On November 9, 2010, Ted Kummert announced to the world the immediate availability of SQL Server Parallel Data Warehouse (PDW). Since that time, myself and our larger firm BI Voyage (BIV) have been working on multiple Parallel Data Warehouse customer deployments including Hadoop clusters. Our firm's work with the appliance begins with the world's fourth largest equities exchange by notional value, Direct Edge. Working together with Direct Edge, we determined that Parallel Data Warehouse was the best platform for the firm's large volumes of data required for analysis. Direct Edge became the first non-Microsoft buyer of Parallel Data Warehouse. Present day, several leading enterprises have purchased Parallel Data Warehouse appliances including our own firm's purchase of a half-rack PDW for training and development. In the remainder of this post I will discuss our firm's experiences with Parallel Data Warehouse and append a link to the Direct Edge PDW Case Study.
Related: Getting Started with Parallel Data Warehouse
Designing Customer Solutions
When you are the lead architect for a Parallel Data Warehouse project the most important thing you can do is read the technical materials (including SQL Server Parallel Data Warehouse Books Online which ships with the unit) and gain as much experience as you can prior to the engagement. I see both sides of the training discussion, which is that PDW is drastically different from SQL Server SMP and thus requires substantial training for existing SQL Server professionals. One the one hand - MPP technology is quite different in that you have a new paradigm to design for performance by distributing (and replicating) your tables. There is also the notion of Distributed-SQL (D-SQL) and distributed query plans. D-SQL queries and plans involve two levels of operations: compute node-level SMP plans and appliance-level data movement plans.

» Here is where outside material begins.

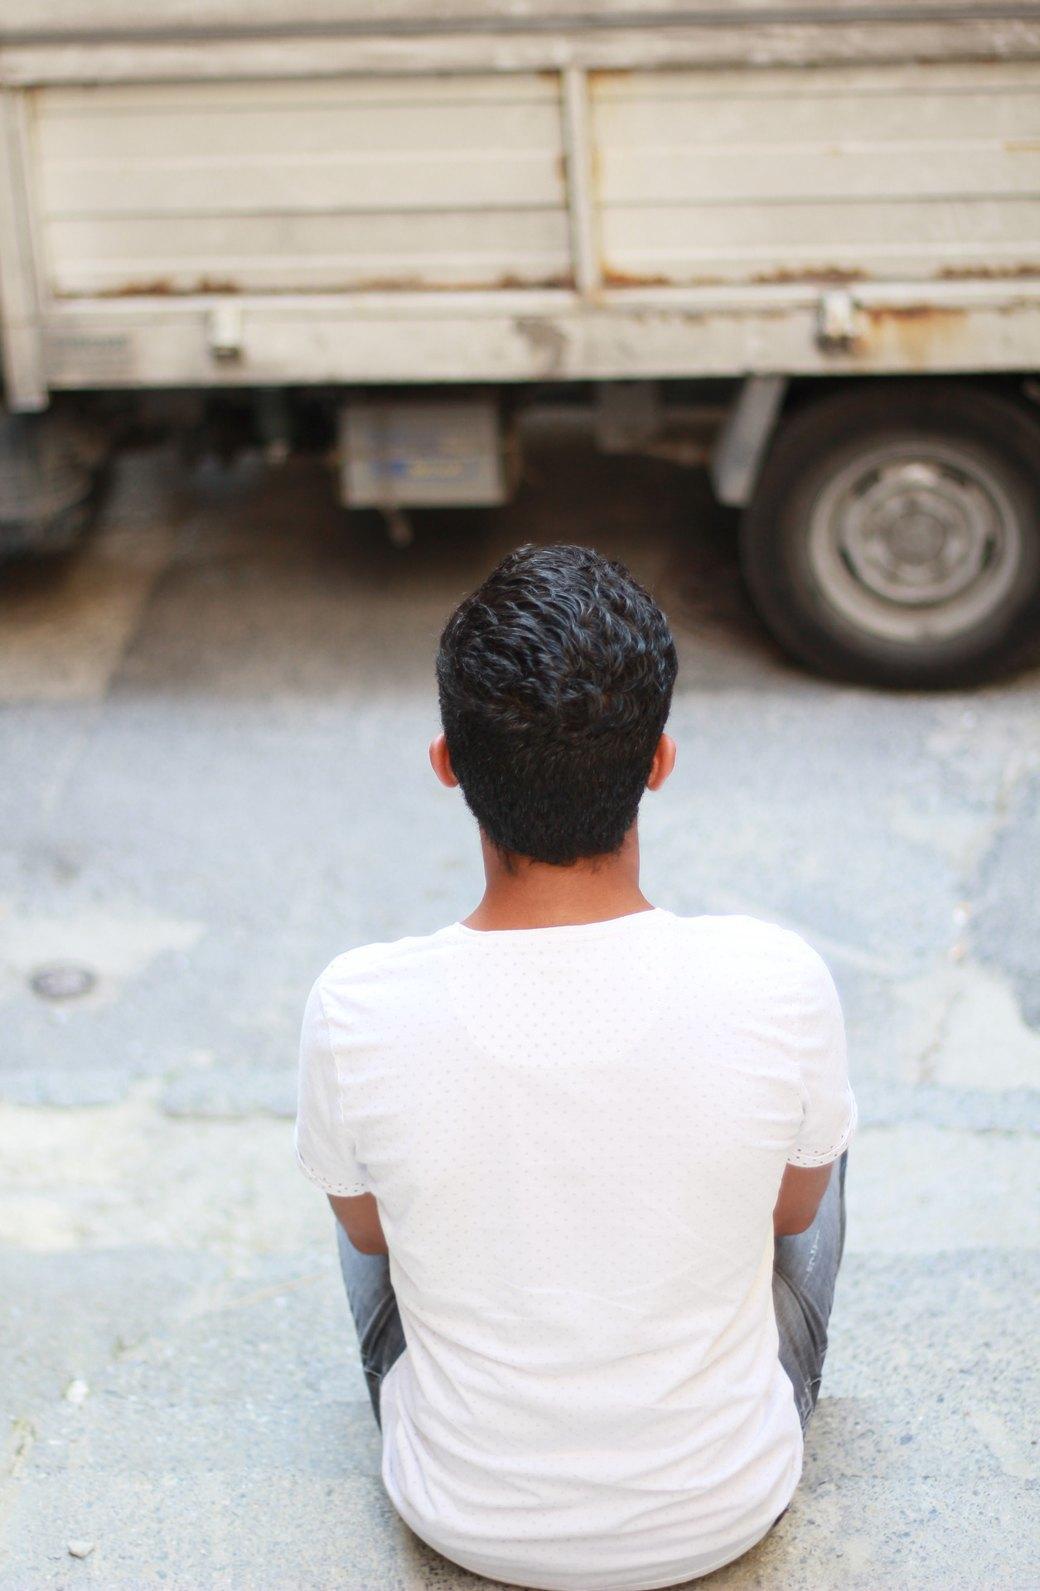 «Это между мной и Аллахом»: Портреты квир-мусульман. Изображение № 9.

Certainly understanding how the distributed plan interfaces with the traditional SMP compute node plan is important and likewise understanding the key data movement operations such as shuffle and partition moves is good to know as well. However, beyond those key deltas, if you are experienced with SQL Server SMP today for data warehousing you should be just fine. Without question, one of Microsoft's core design goals for the appliance is to enable a seamless transition of technical expertise from SQL Server SMP to MPP (as easy as they can make it).
Related: Connecting and Configuring SQL Server Parallel Data Warehouse (PDW) Clients
Once you are confident designing solutions for the appliance you should begin a detailed design phase (even if you are using SCRUM project management methodologies). The good news here is it takes a few weeks from the time of order for you or your customer to receive delivery of the appliance from the hardware vendor so you have some time to design and plan. You need to design (at least to a high-level), what the distributed schema is going to look like. Which tables are going to be distributed and which tables will be replicated? Do you want to have data management capabilities via table partitioning? How will you partition the tables? Should you employ non-clustered indexes (NCIs are used much less in PDW environments)?

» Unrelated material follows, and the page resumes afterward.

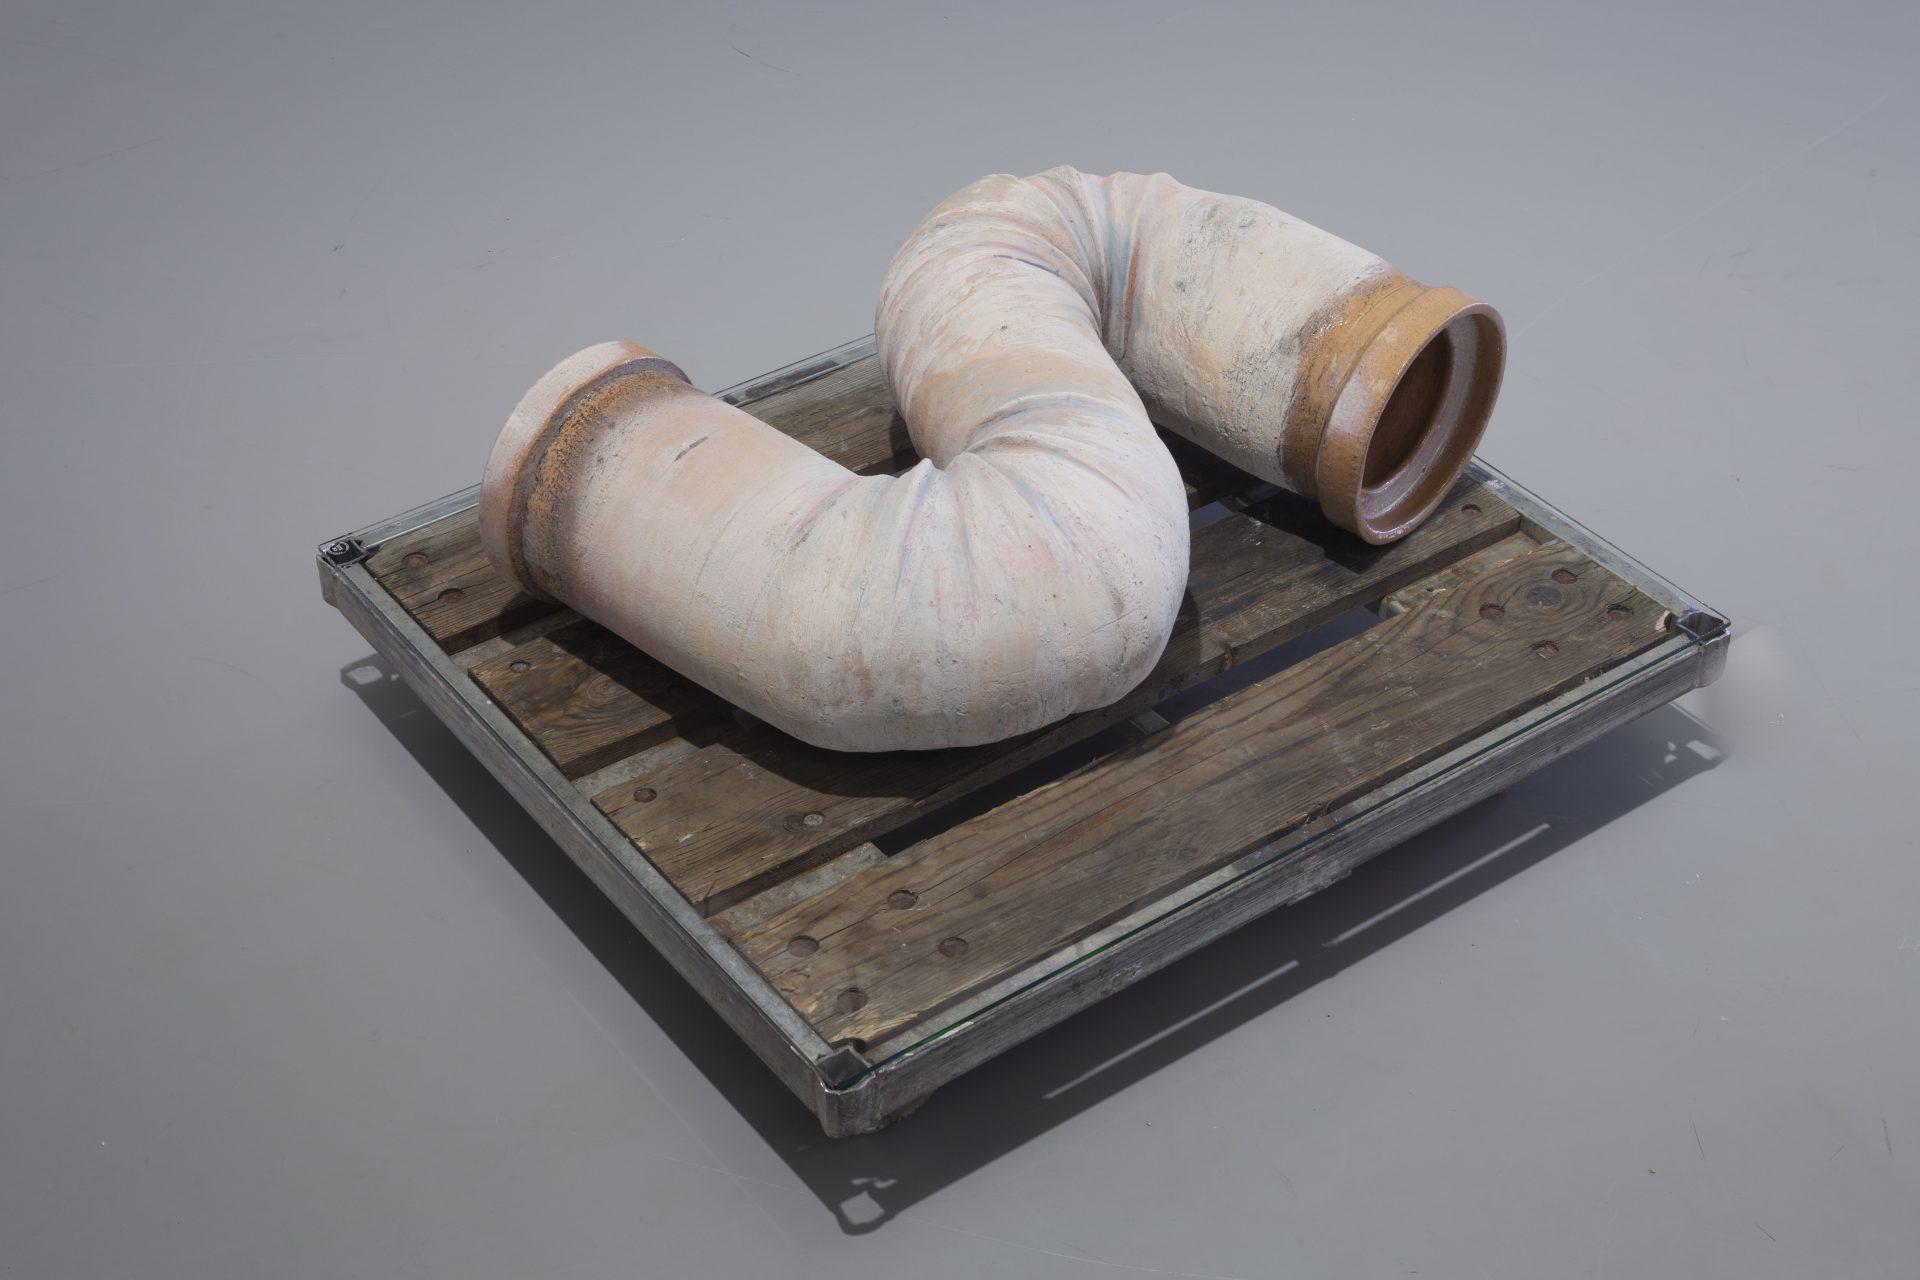 23.08.21 – Jumana Manna, 'Thirty Plumbers in the Belly', M HKA, Antwerp, reviewed in Artforum

The data loading infrastructure and frameworks require design - how will your solution accommodate historical one-time as well as ongoing incremental data loading? Are you going to leverage ETL or ELT processes? And do not forget about the security architecture of the solution. Who will connect to the appliance? Under what security context and permissions should these people (or services) have when connecting? Do you want a self-service report author to have the ability to drop the data warehouse?
There is also the notion of creating MPP Views which face the BI tools and components such as OLAP cubes and in-memory tabular models. It is common practice to create views to mask some of the data warehouse internal complexities away from the BI components and self-service report authors. And for those self-service to PDW scenarios trust me when I say you want to restrict how many rows folks can download into those self-service tools - in PDW environments we are generally working with hundreds of millions and even billions of records (On the BIV half rack unit we have a table with over 70 Billion records).

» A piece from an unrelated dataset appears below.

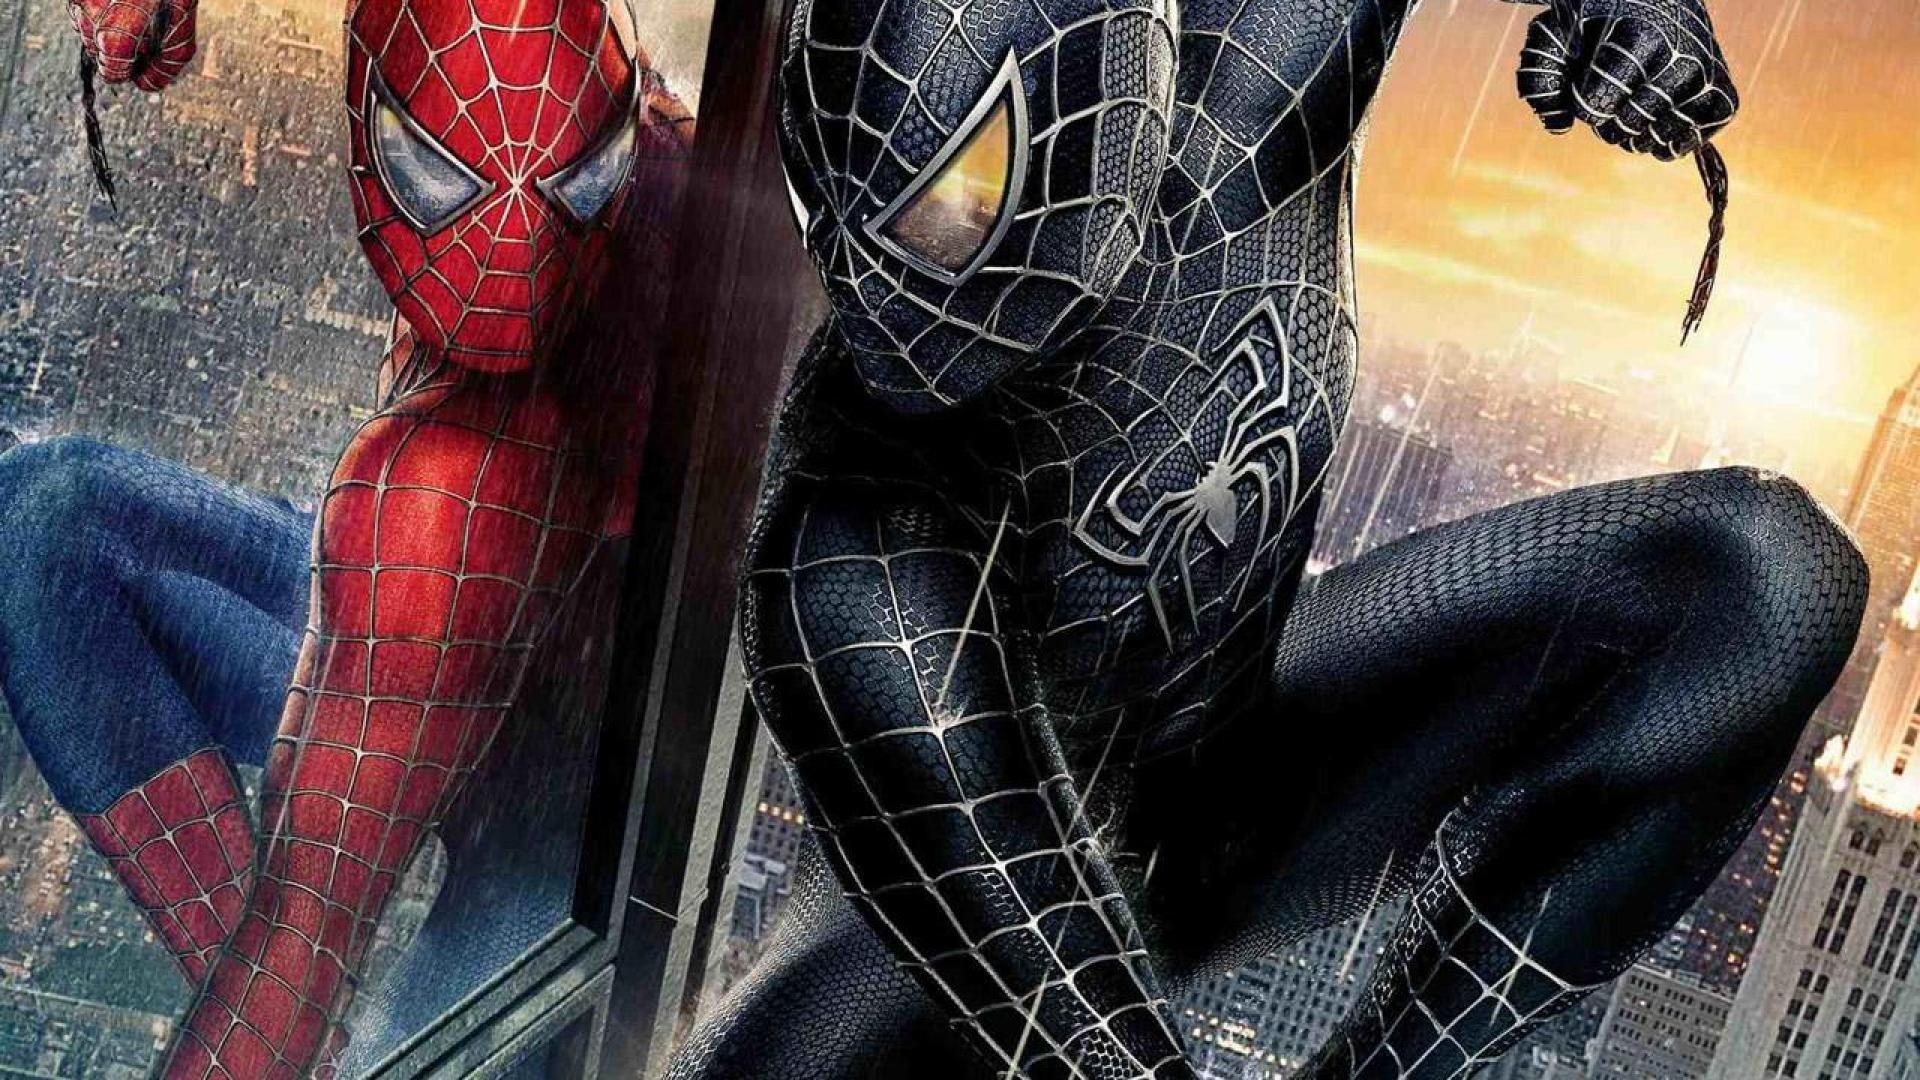 Black Spiderman Wallpaper Full Hd - Spiderman 3 Wallpaper Hd - HD Wallpaper

Before I leave the design realm there is that of OLAP Cubes and Tabular Model specific design. If you are going to be deploying these artifacts with PDW you want to ensure you read up on early best-practices and lessons learned as there are many inherit tuning options and best practices that have been discovered. Some of these items apply to design of OLAP cubes for example such as the selection of optimal storage modes.
Developing Customer Solutions
Probably the most import thing to mention under development is 'pre-bake' your sample datasets. We want to work small datasets so our development tasks are that much faster and easier to accomplish. Consider using a representative dataset such as X percentage of production data volumes.
It is a good time to mention appliance updates (AUs) as well. With each new AU Microsoft releases we gain new features. The new features span a variety of appliance aspects, however the development domain obtains many new updates with each AU including collations, data types, and new D-SQL constructs. So it is a good idea to double check that your PDW development unit is on the latest-and-greatest service pack available.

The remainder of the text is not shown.